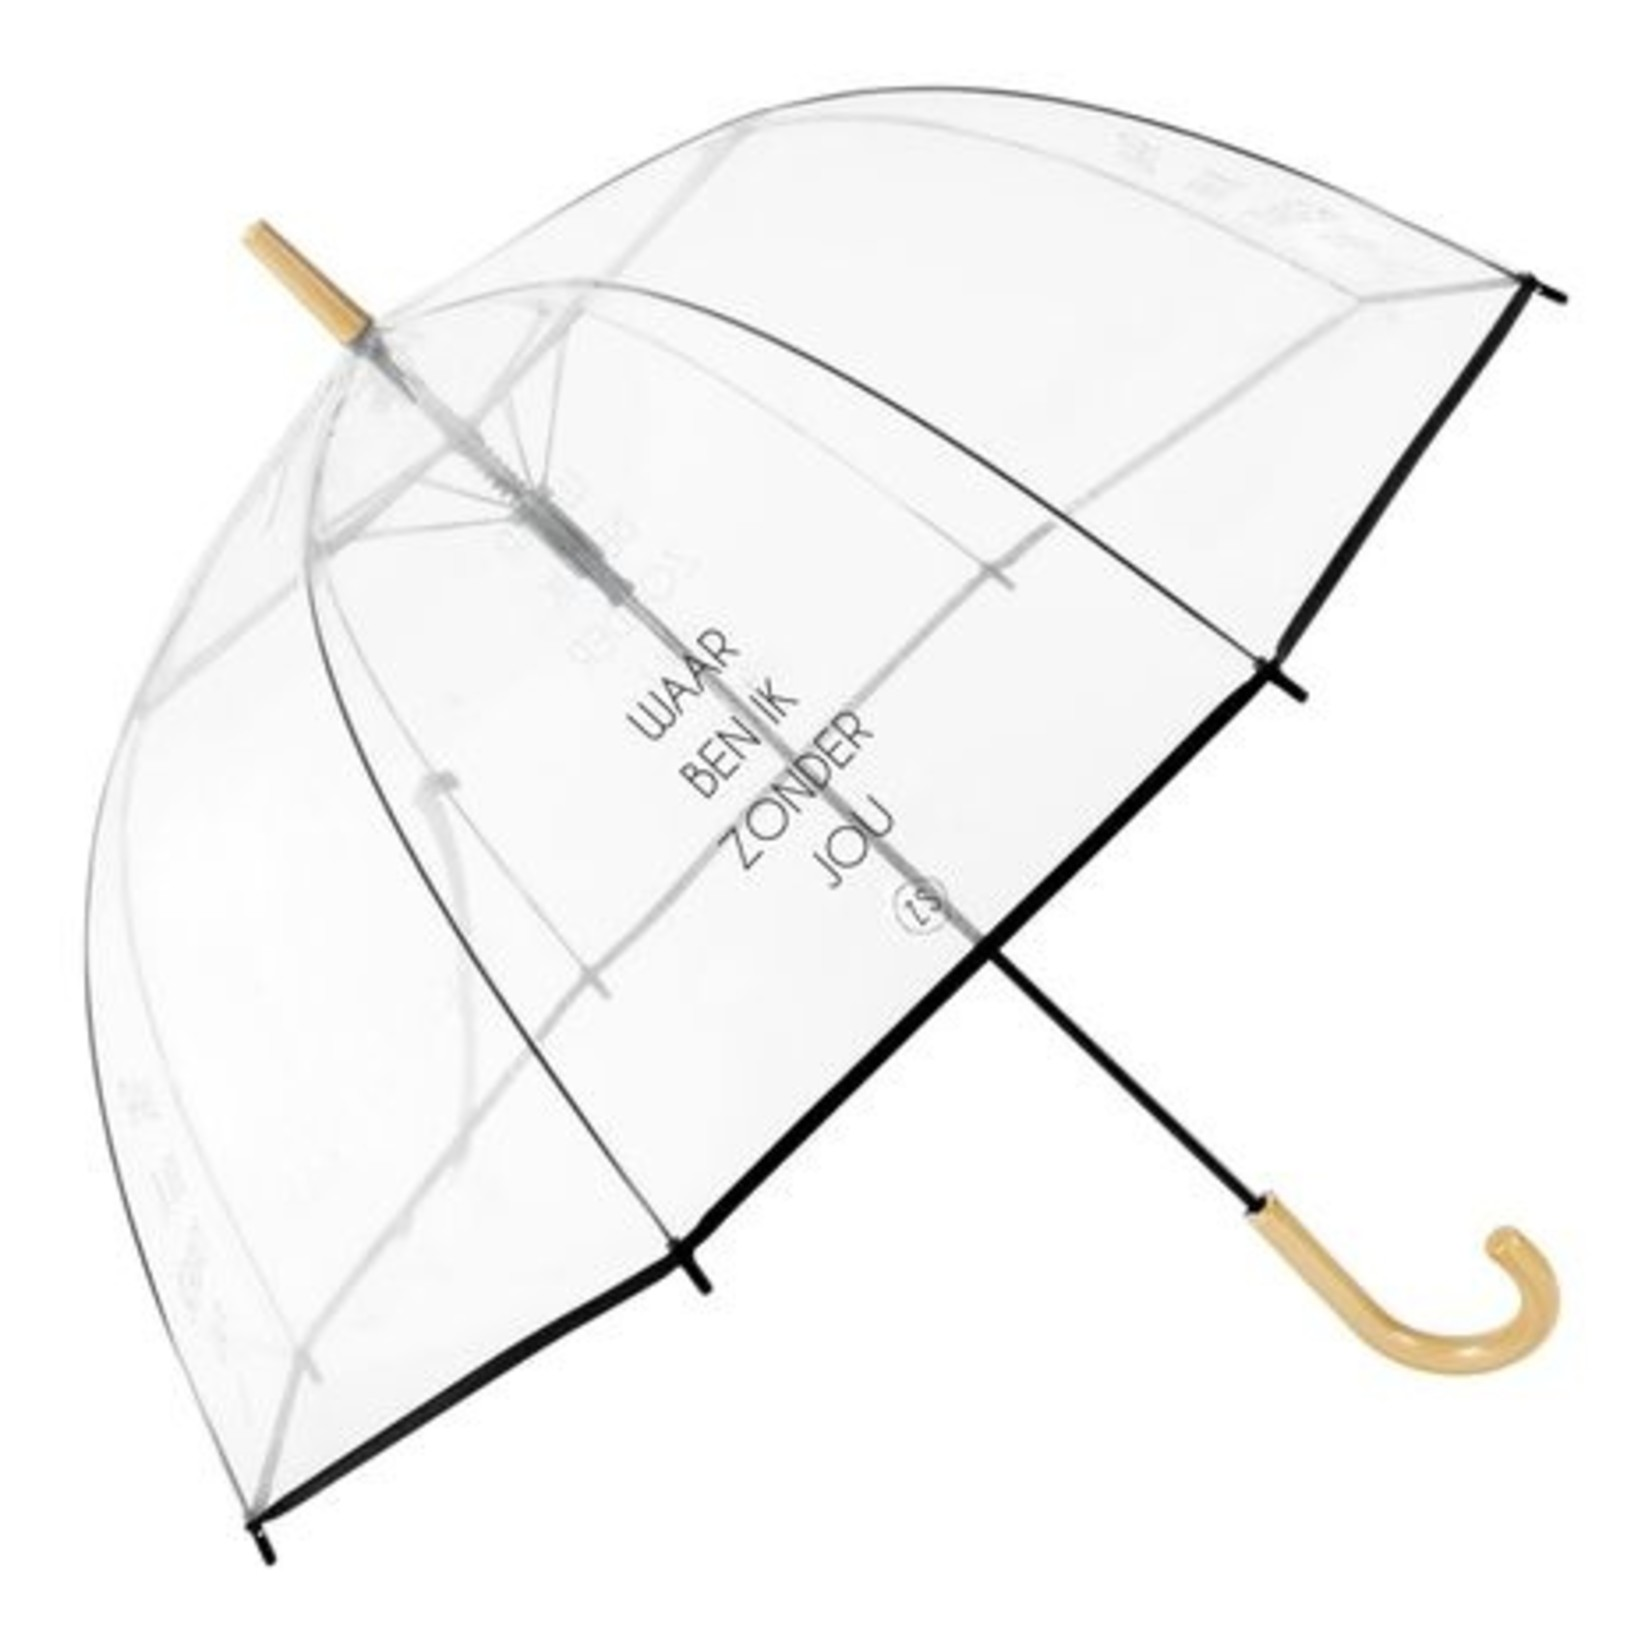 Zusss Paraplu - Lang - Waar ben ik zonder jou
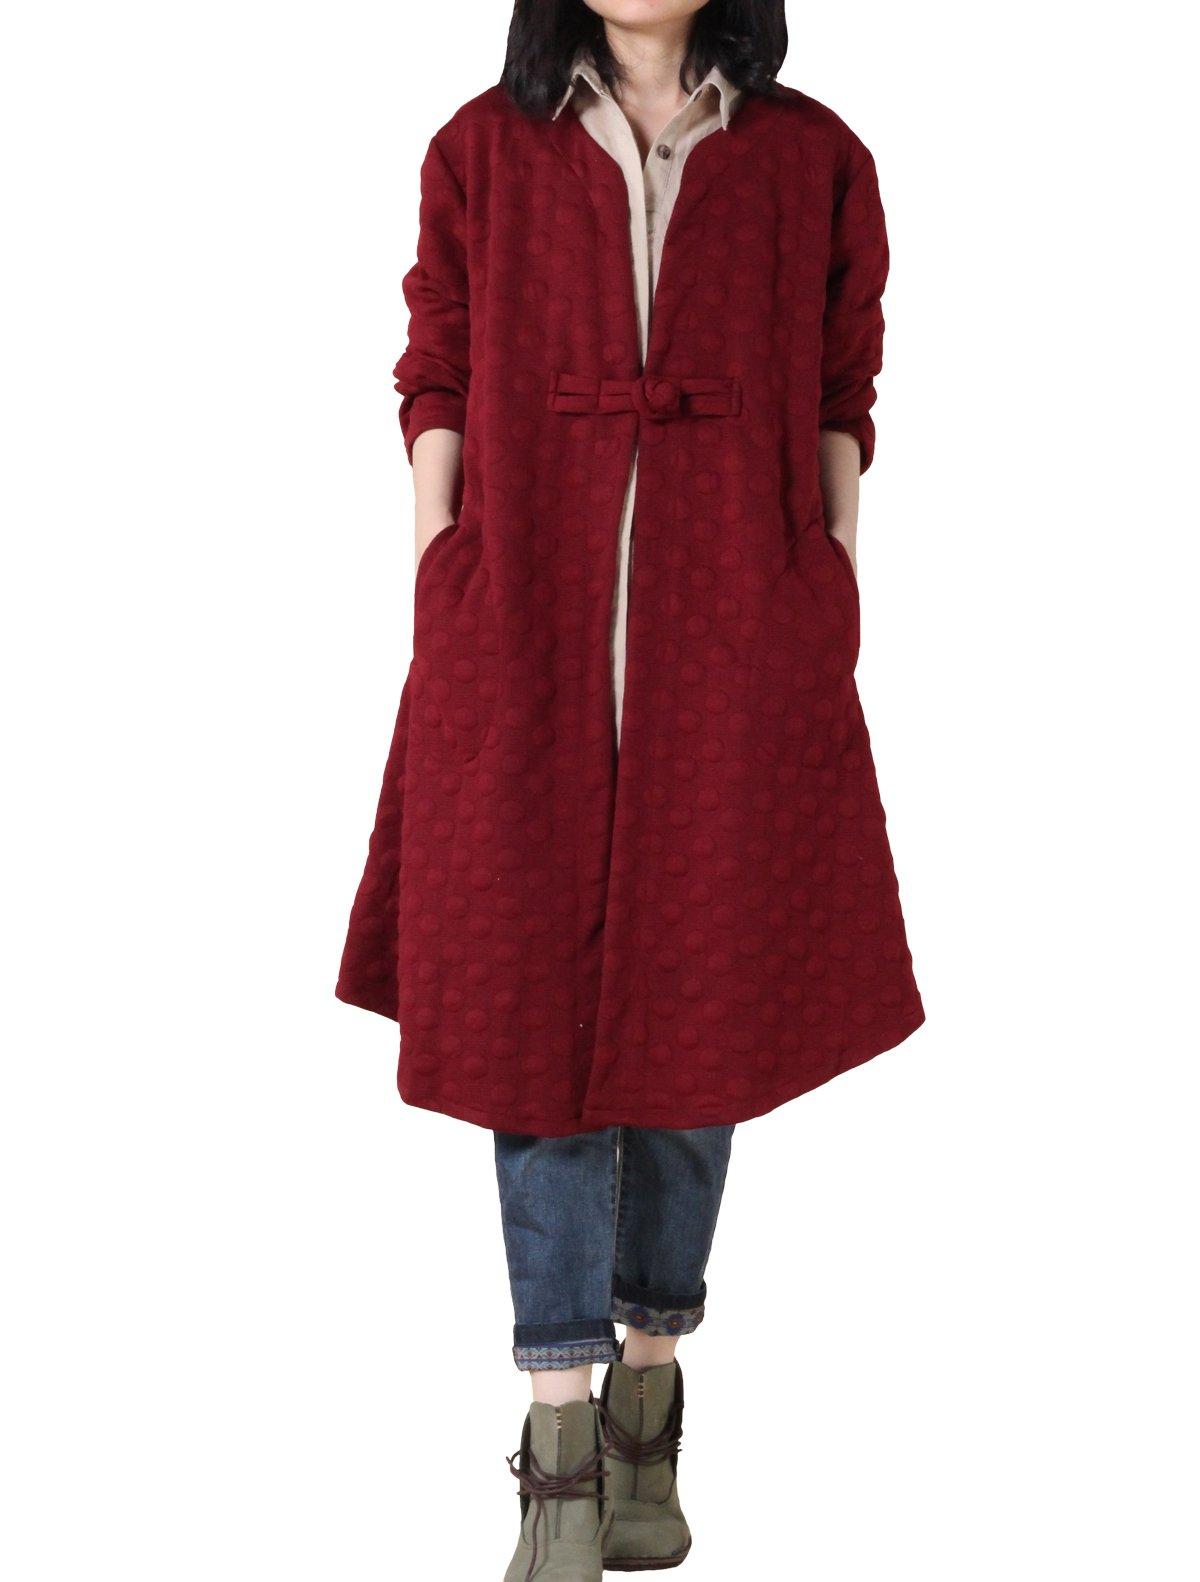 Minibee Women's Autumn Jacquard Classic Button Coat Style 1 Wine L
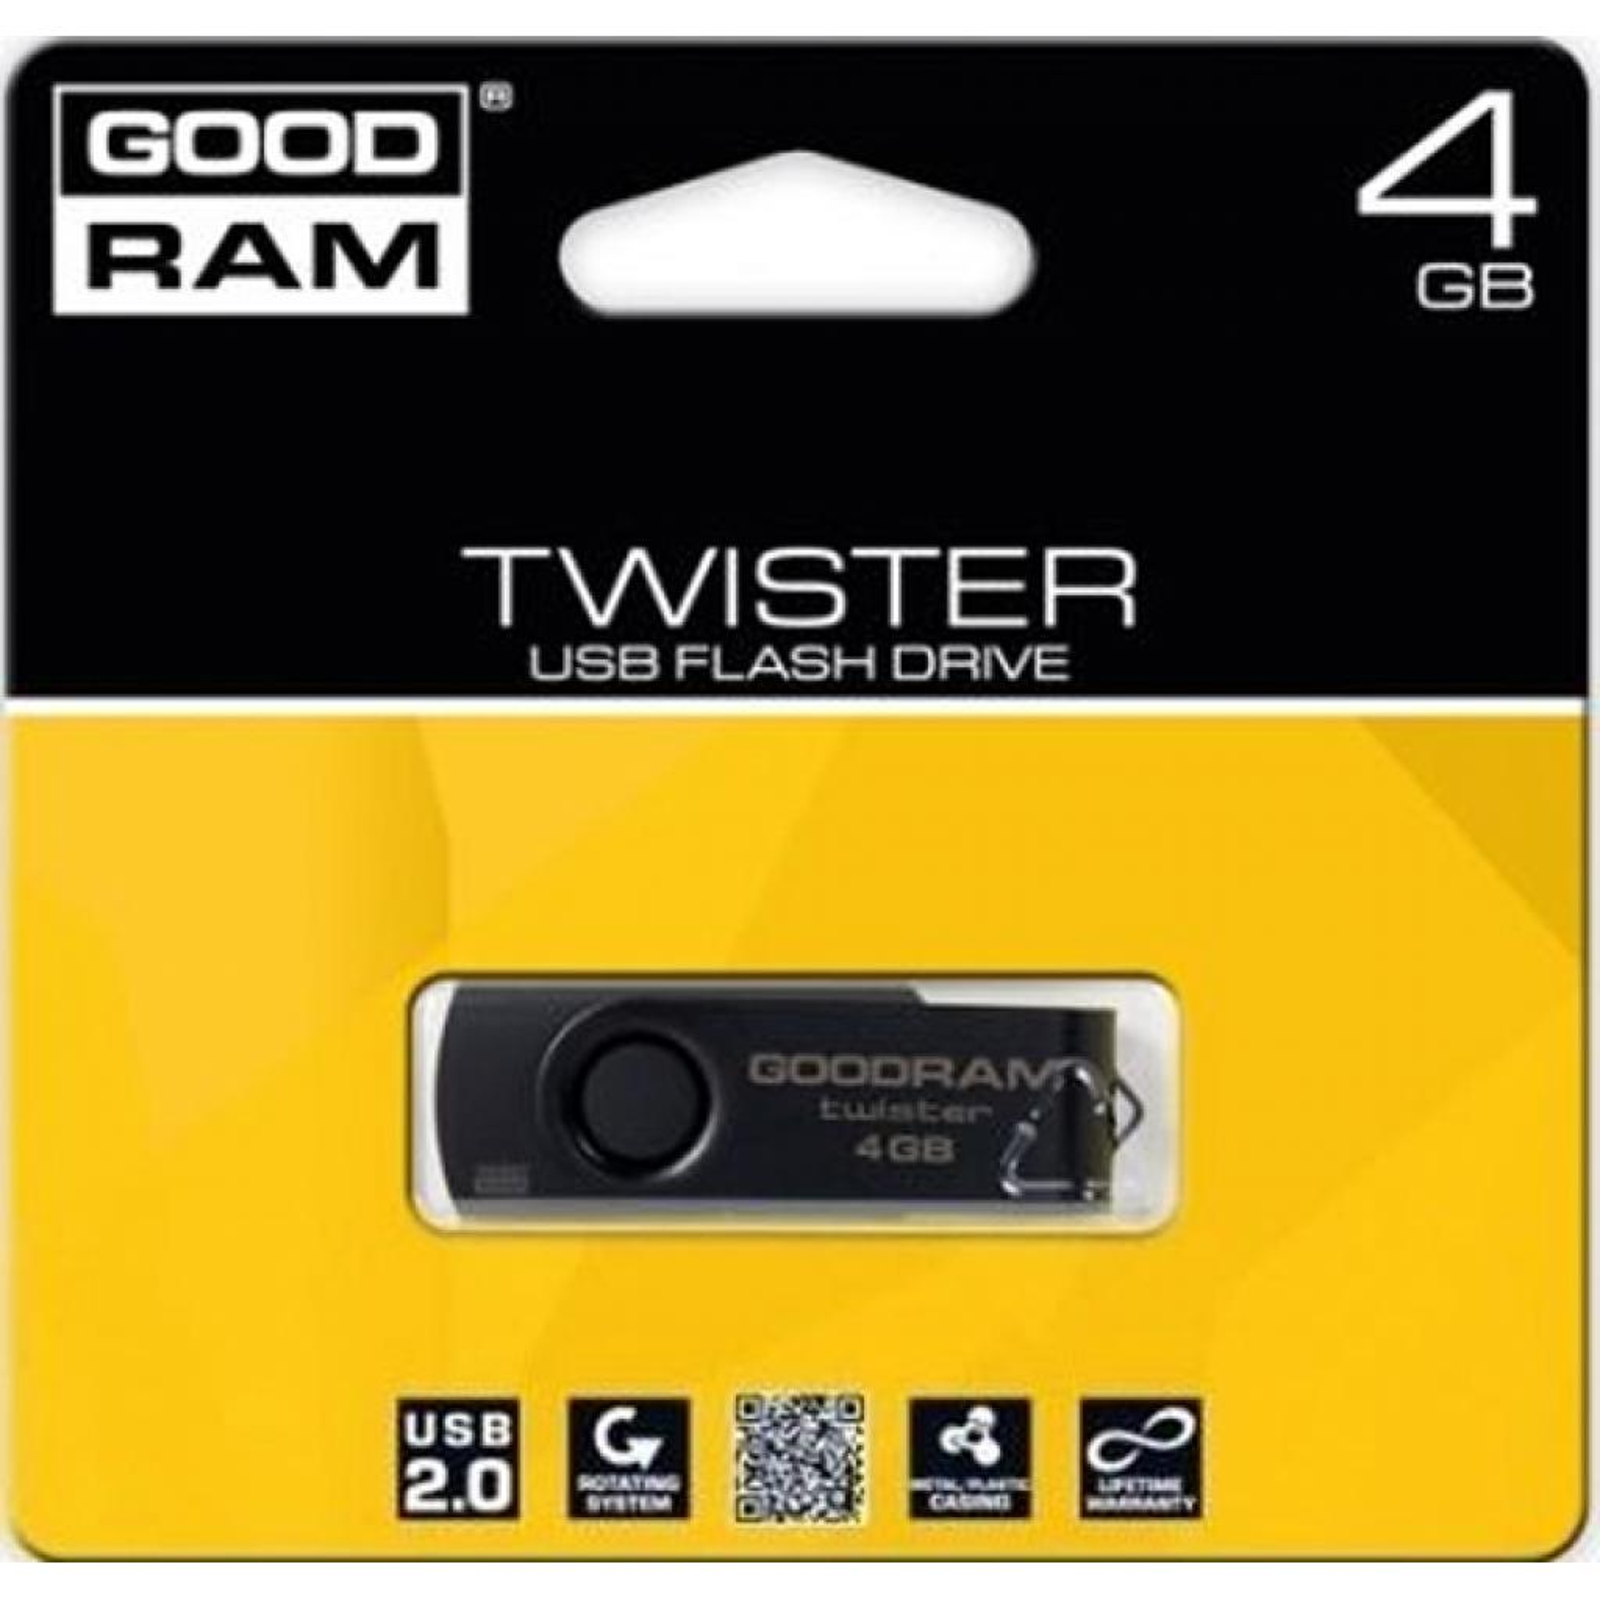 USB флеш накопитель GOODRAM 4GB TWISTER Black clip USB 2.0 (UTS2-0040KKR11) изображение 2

**TASK TO CARRY OUT**
Retype all the material word for word while skipping any picture it contains.

**SOLUTION FOR THIS TASK**
 Zusss Paraplu - Lang - Waar ben ik zonder jou
 Minibee Women's Autumn Jacquard Classic Button Coat Style 1 Wine L
 USB флеш накопитель GOODRAM 4GB TWISTER Black clip USB 2.0 (UTS2-0040KKR11) изображение 2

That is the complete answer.